┏━━

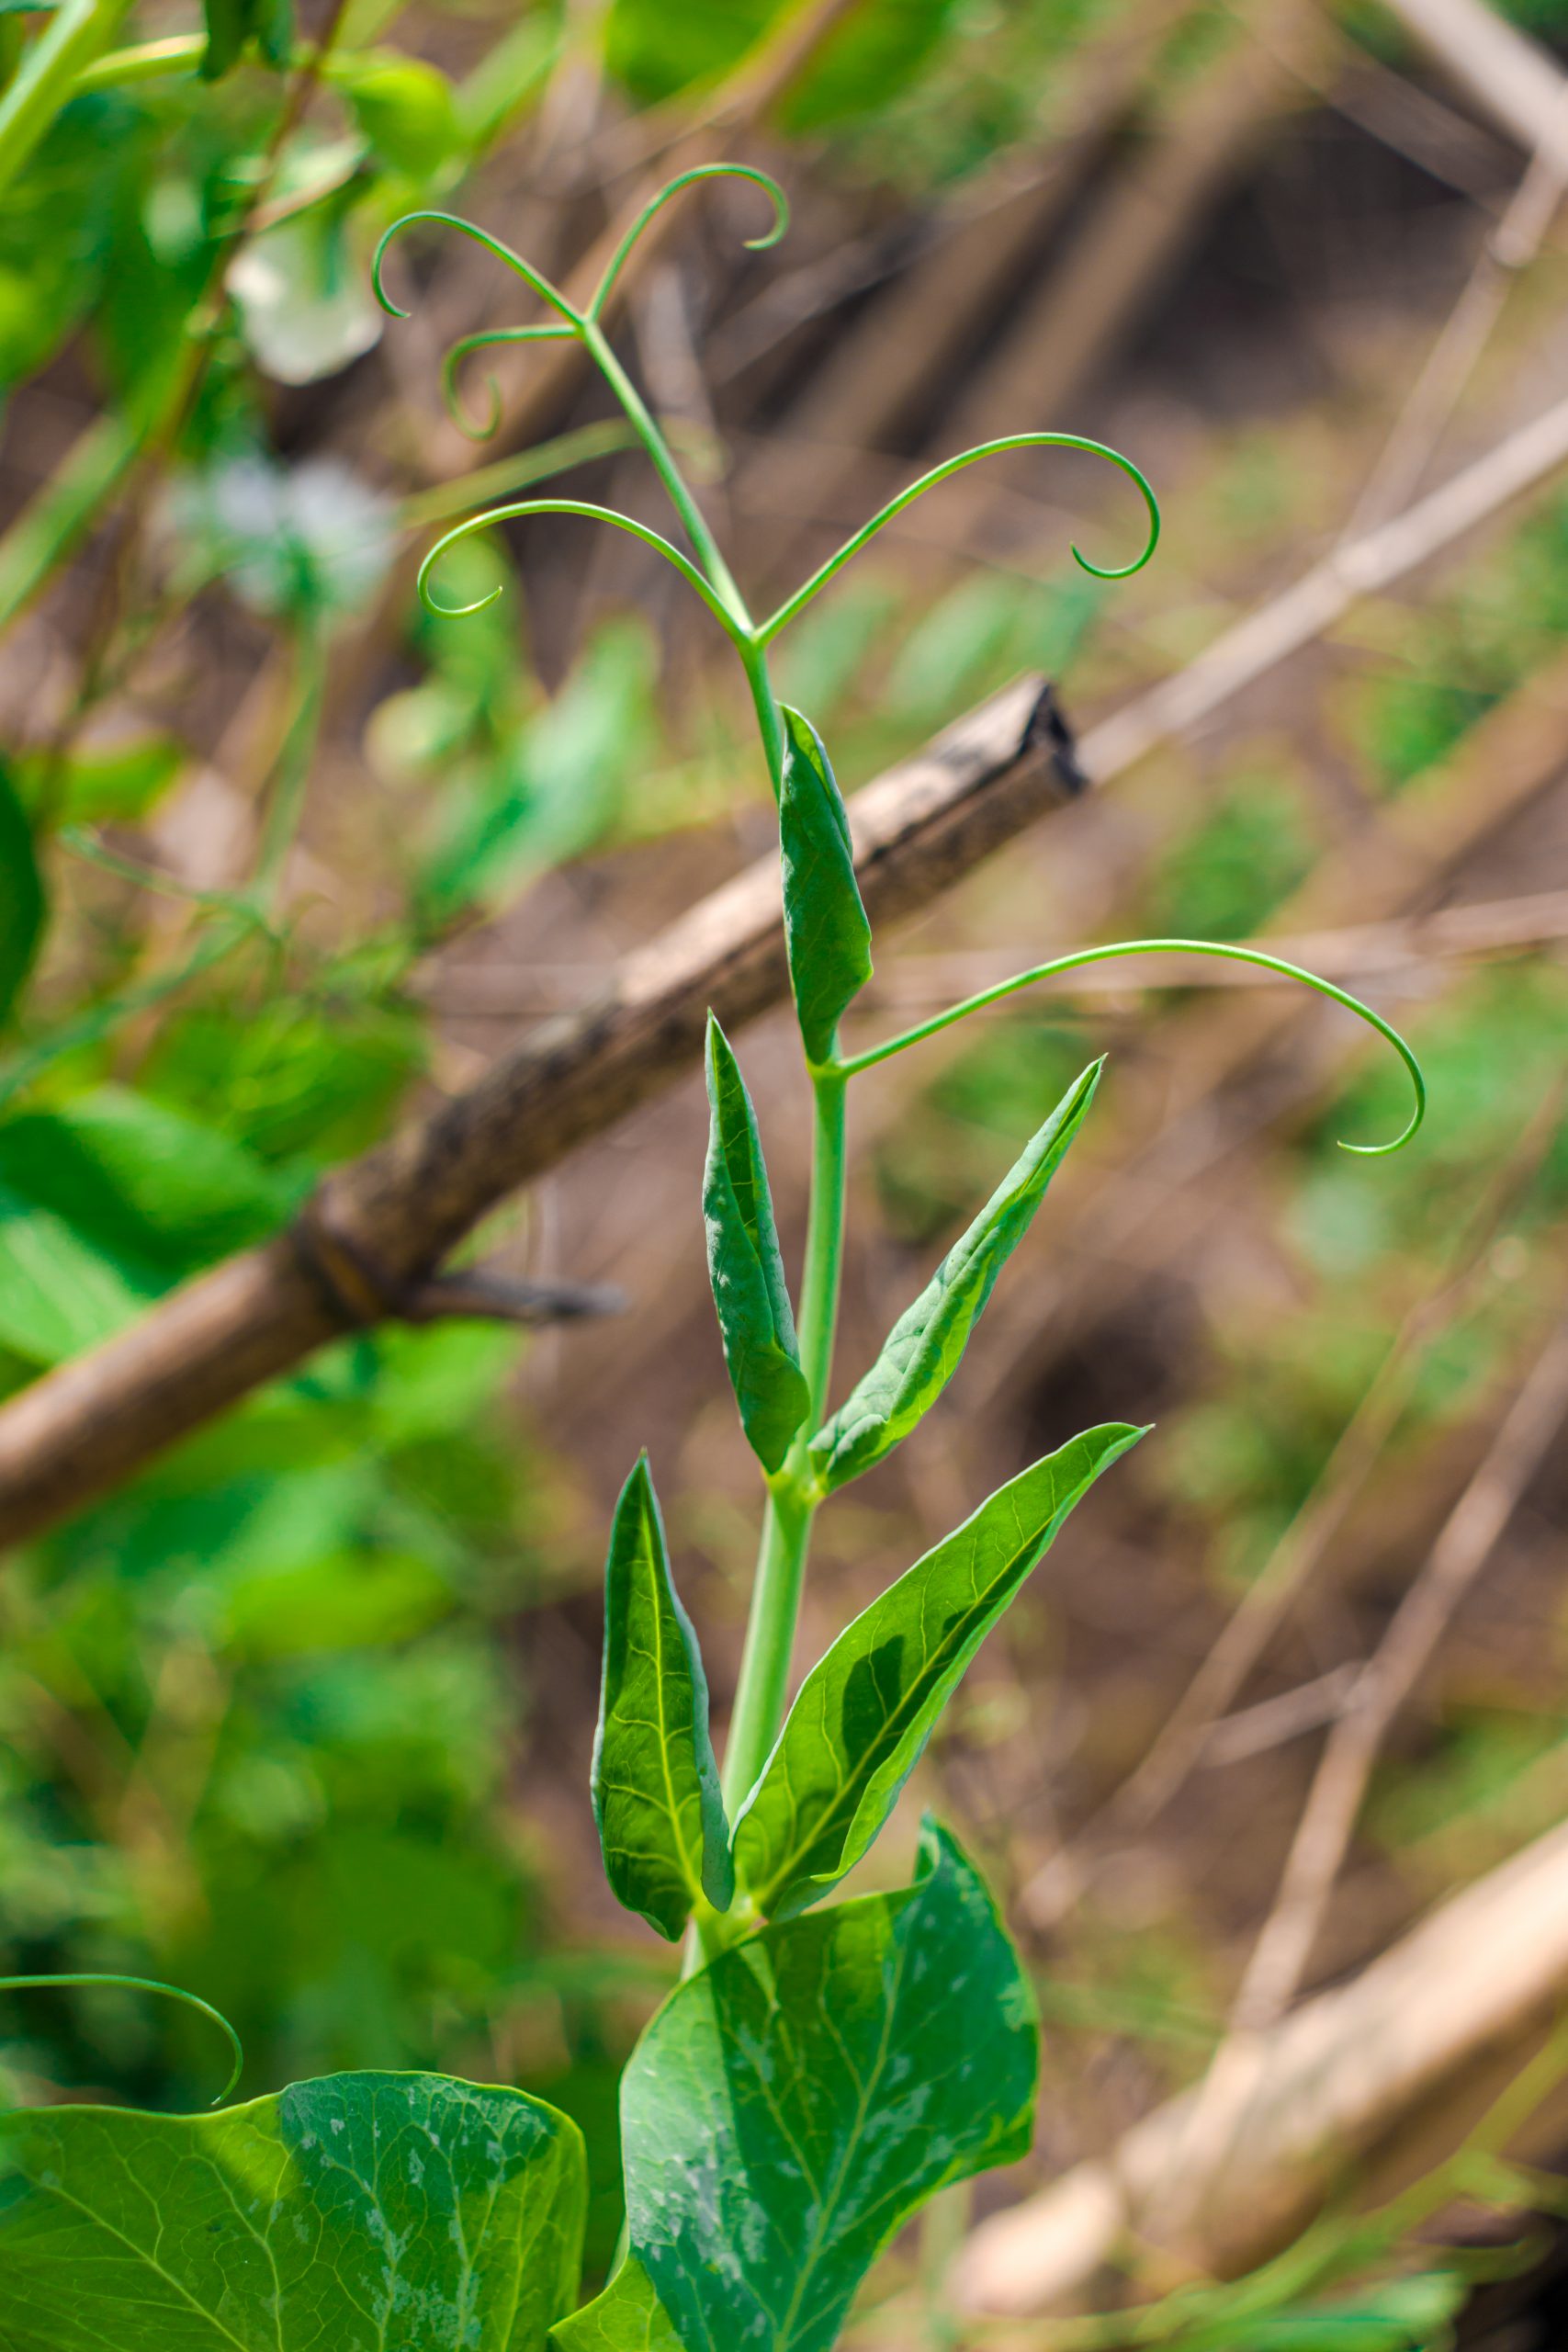 A pea plant
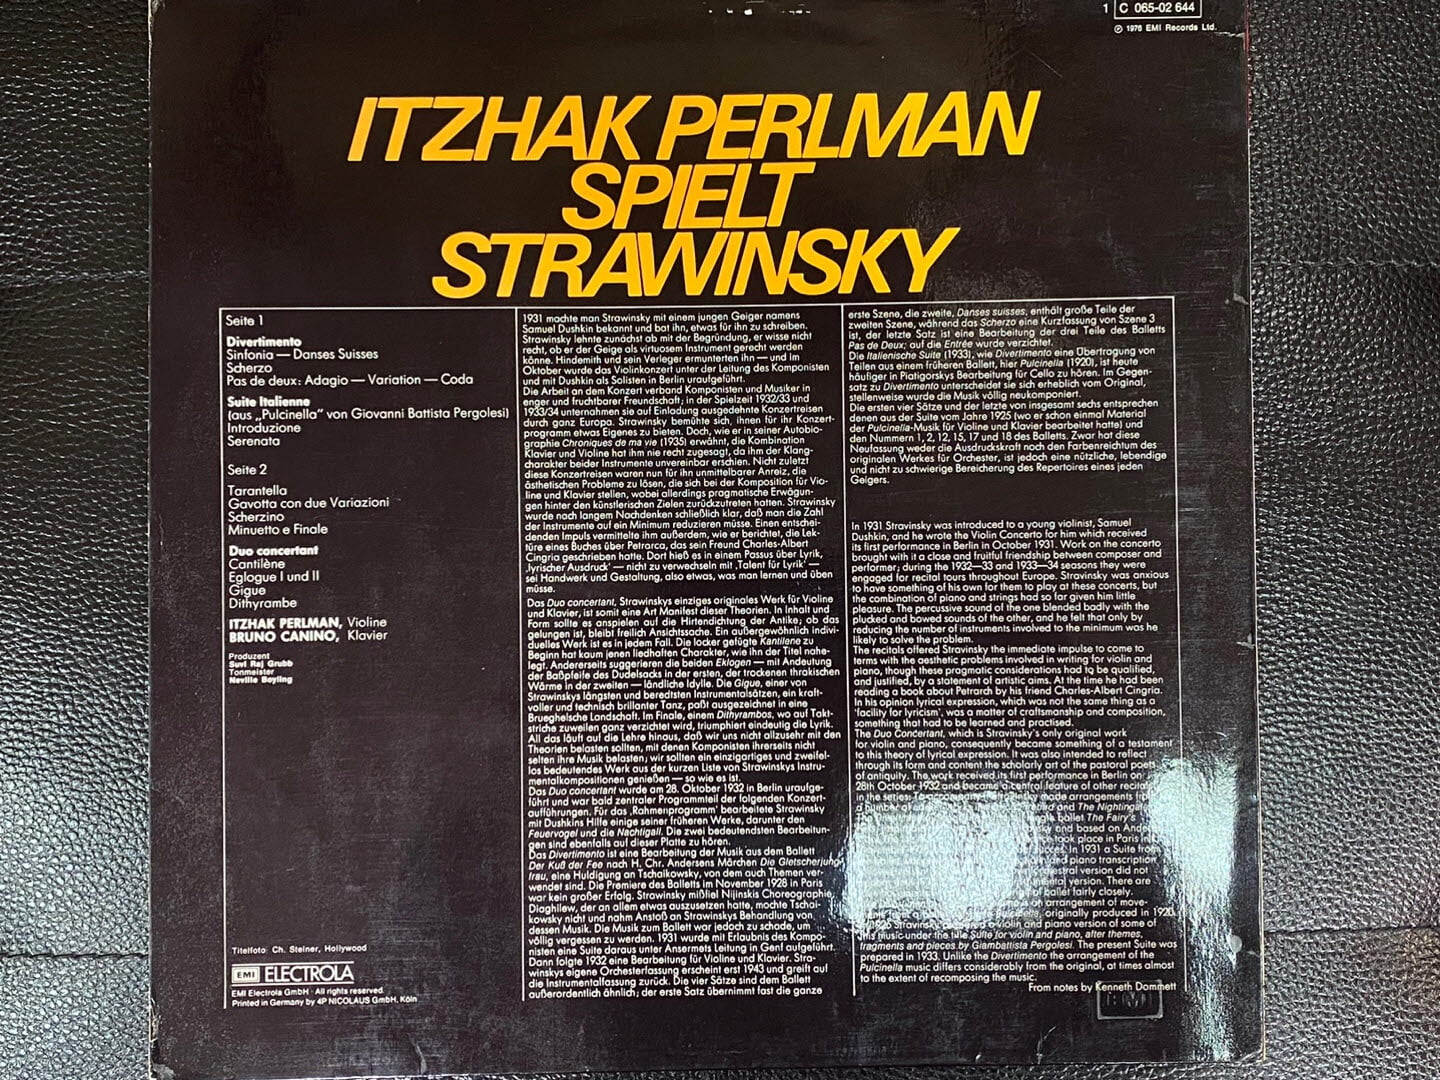 [LP] 이차크 펄먼 - Itzhak Perlman - Itzhak Perlman Spielt Strawinsky LP [독일반]
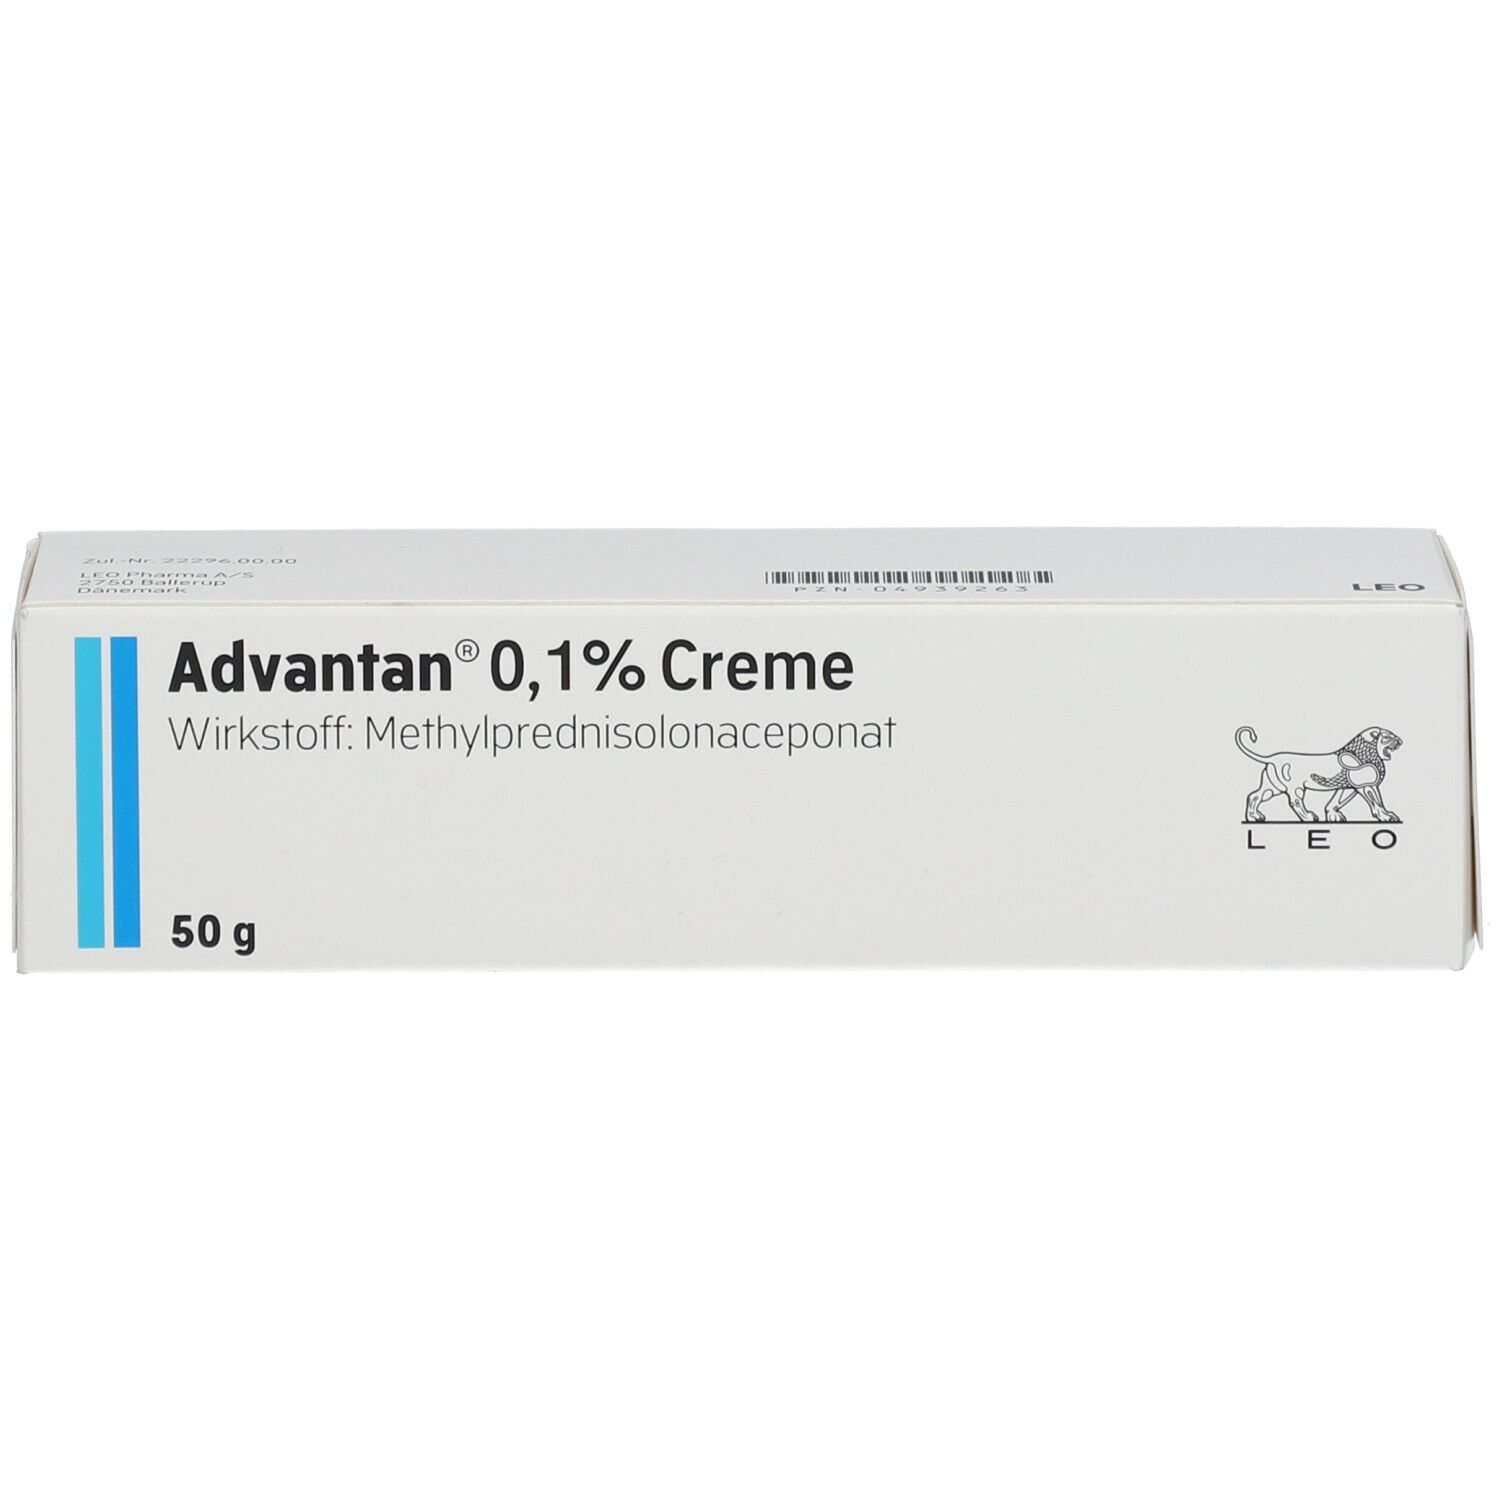 Advantan® 0,1% Creme
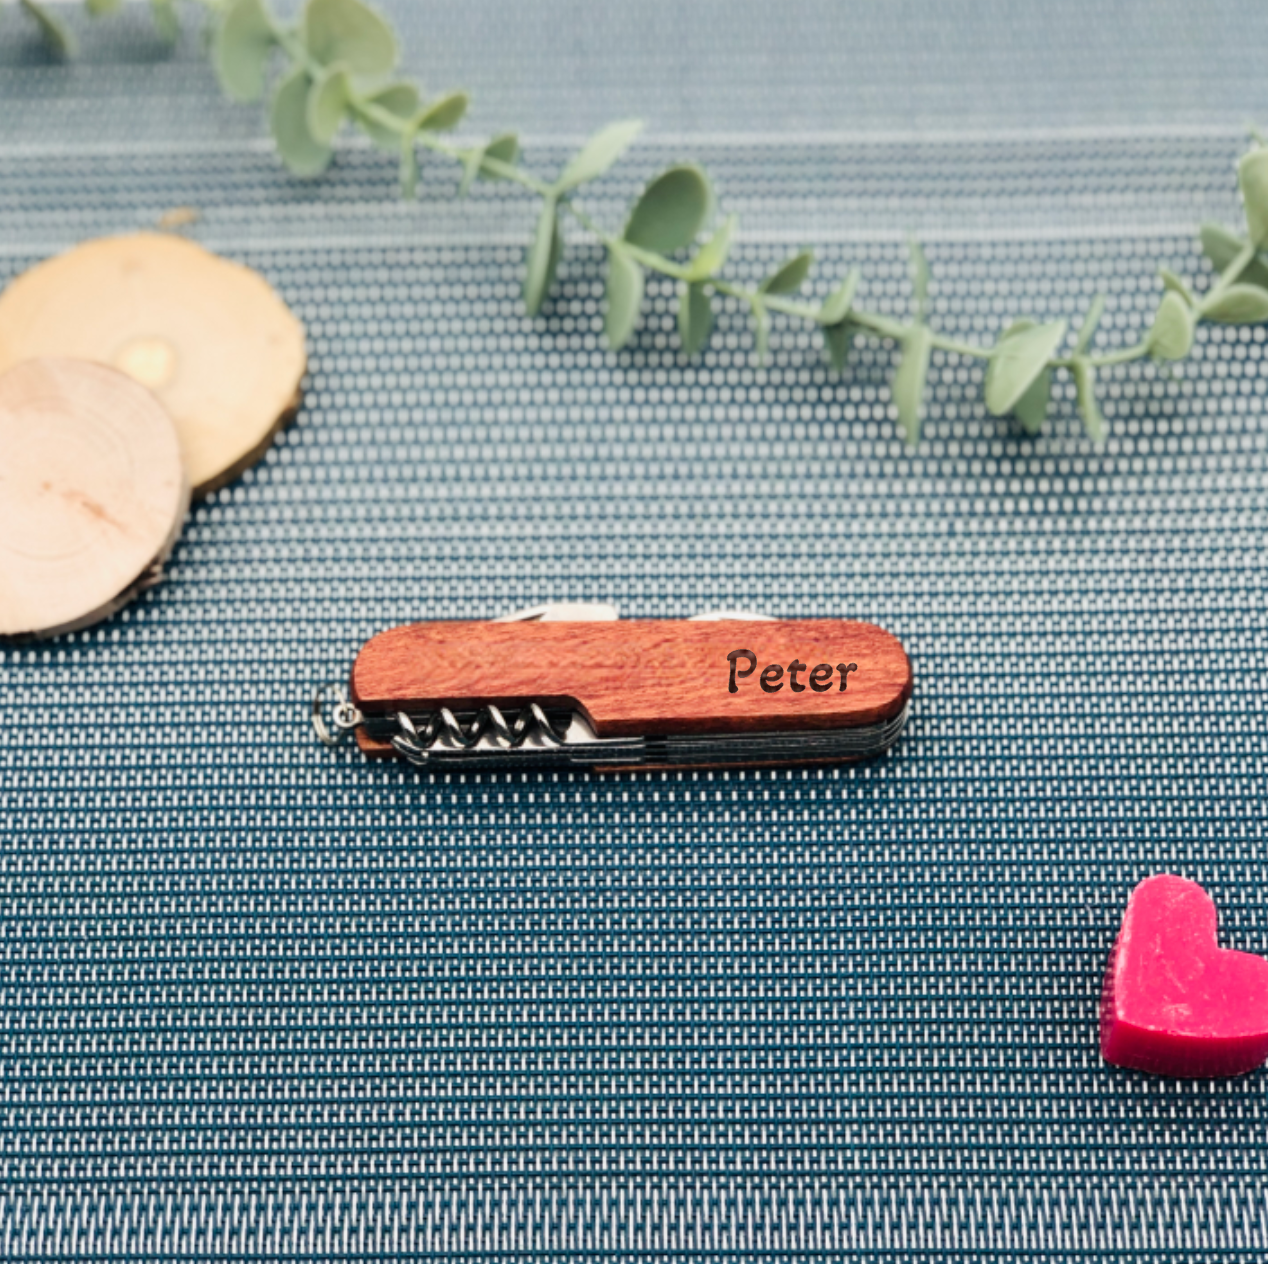 Geschenk zum Vatertag - Taschenmesser mit Holzgriff - Geschenk mit Gravur für Papa / Opa zum Vatertag - Vatertagsgeschenk personalisiert

┗━━

How to complete this task:
Return the material above verbatim, minus the pictures.

Result below:
 A pea plant
 [LP] 이차크 펄먼 - Itzhak Perlman - Itzhak Perlman Spielt Strawinsky LP [독일반]
 Advantan® 0,1% Creme
 Geschenk zum Vatertag - Taschenmesser mit Holzgriff - Geschenk mit Gravur für Papa / Opa zum Vatertag - Vatertagsgeschenk personalisiert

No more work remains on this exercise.